Secure Distributed-Learning on Threat Intelligence

An armasuisse S+T – EPFL/LDS Collaboration Project in the Framework of C4DT

In the current interconnected world, the number of new threats and incident indicators is constantly increasing, to the point that it is impossible to adapt the detection and mitigation systems without an updated and comprehensive knowledge base that can be used to decipher the patterns of the incidents and to train advanced models that can predict and detect them.

Current efforts for sharing threat-intelligence data (e.g., the Malware Information Sharing Platform, MISP,), work on a centralized database, where all the participating organizations have to upload their threat data.

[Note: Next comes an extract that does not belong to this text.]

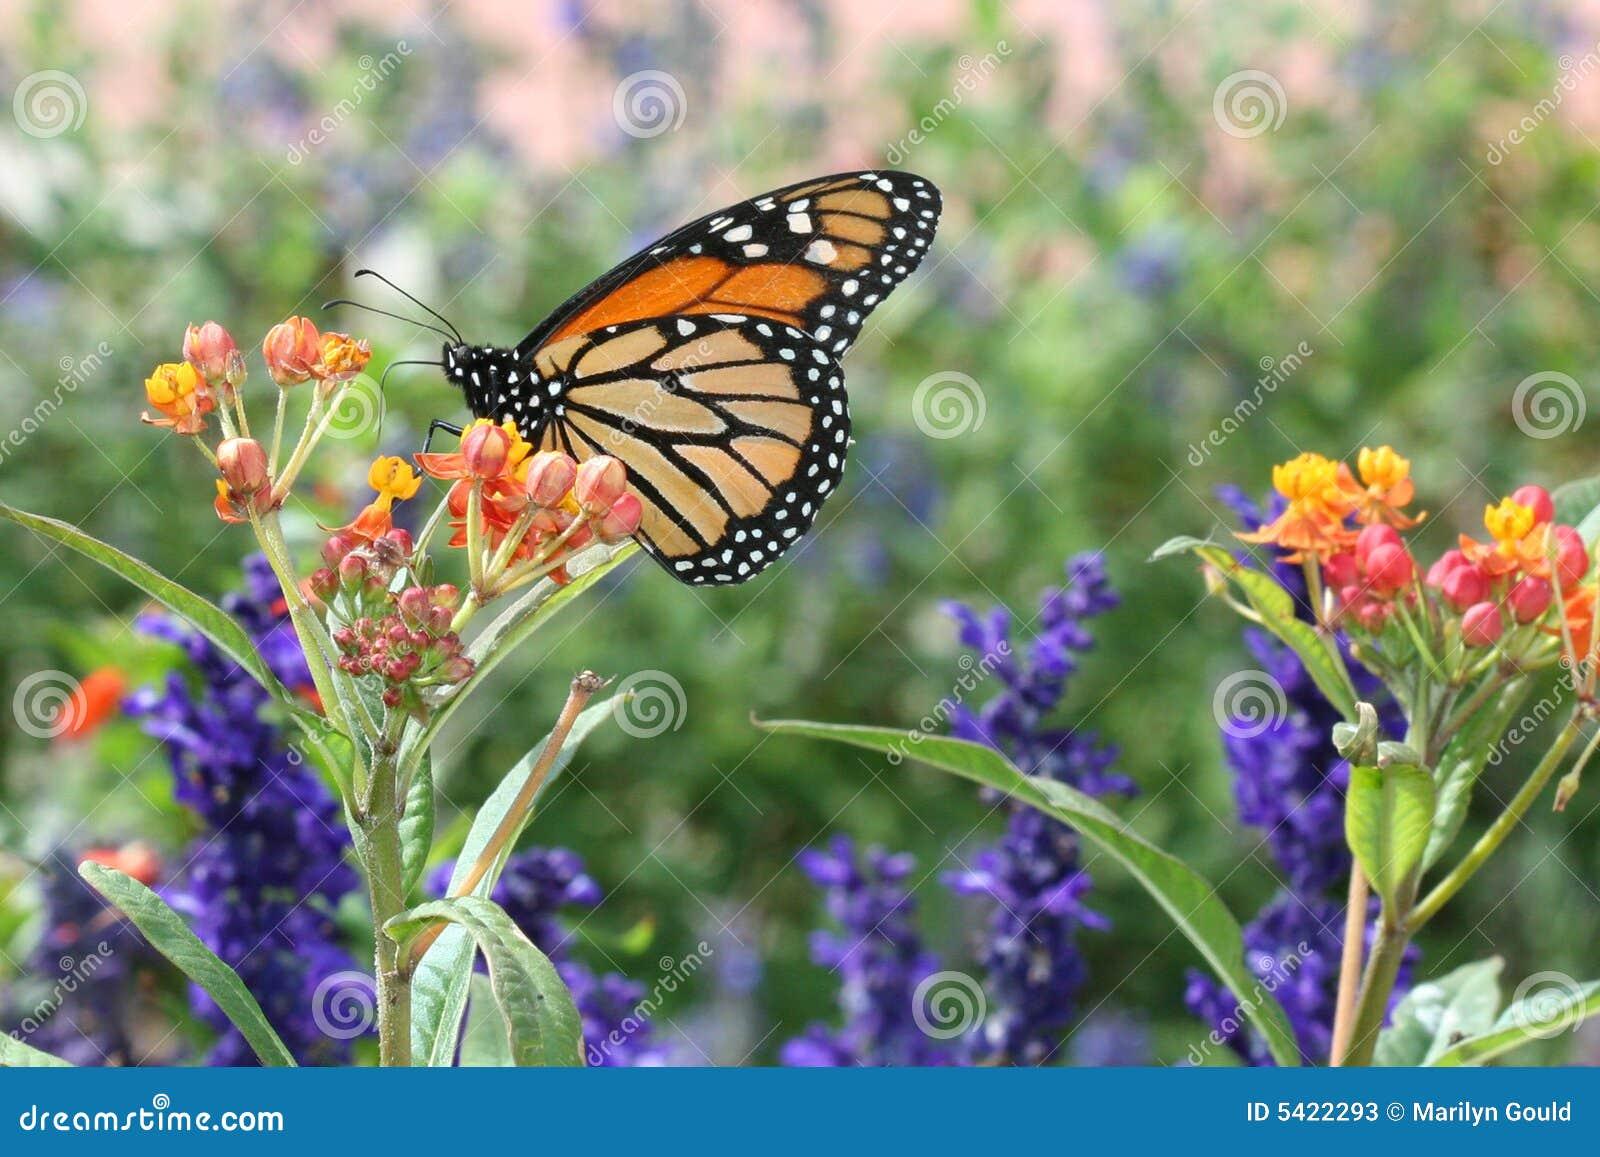 Mariposa de monarca

Cyber security information is often extremely sensitive and confidential, it introduces a tradeoff between the benefits of improved threat-response capabilities and the drawbacks of disclosing national-security-related information to foreign agencies or institutions. This results in the retention of valuable information (a.k.a. as the free-rider problem), which considerably limits the efficacy of data sharing. The purpose of this project is to resolve the cybersecurity information-sharing tradeoff by enabling more accurate insights on larger amounts of more relevant collective threat-intelligence data.

This project will have the benefit of enabling institutions to build better models by securely collaborating with valuable sensitive data that is not normally shared. This will expand the range of available intelligence, thus leading to new and better threat analyses and predictions.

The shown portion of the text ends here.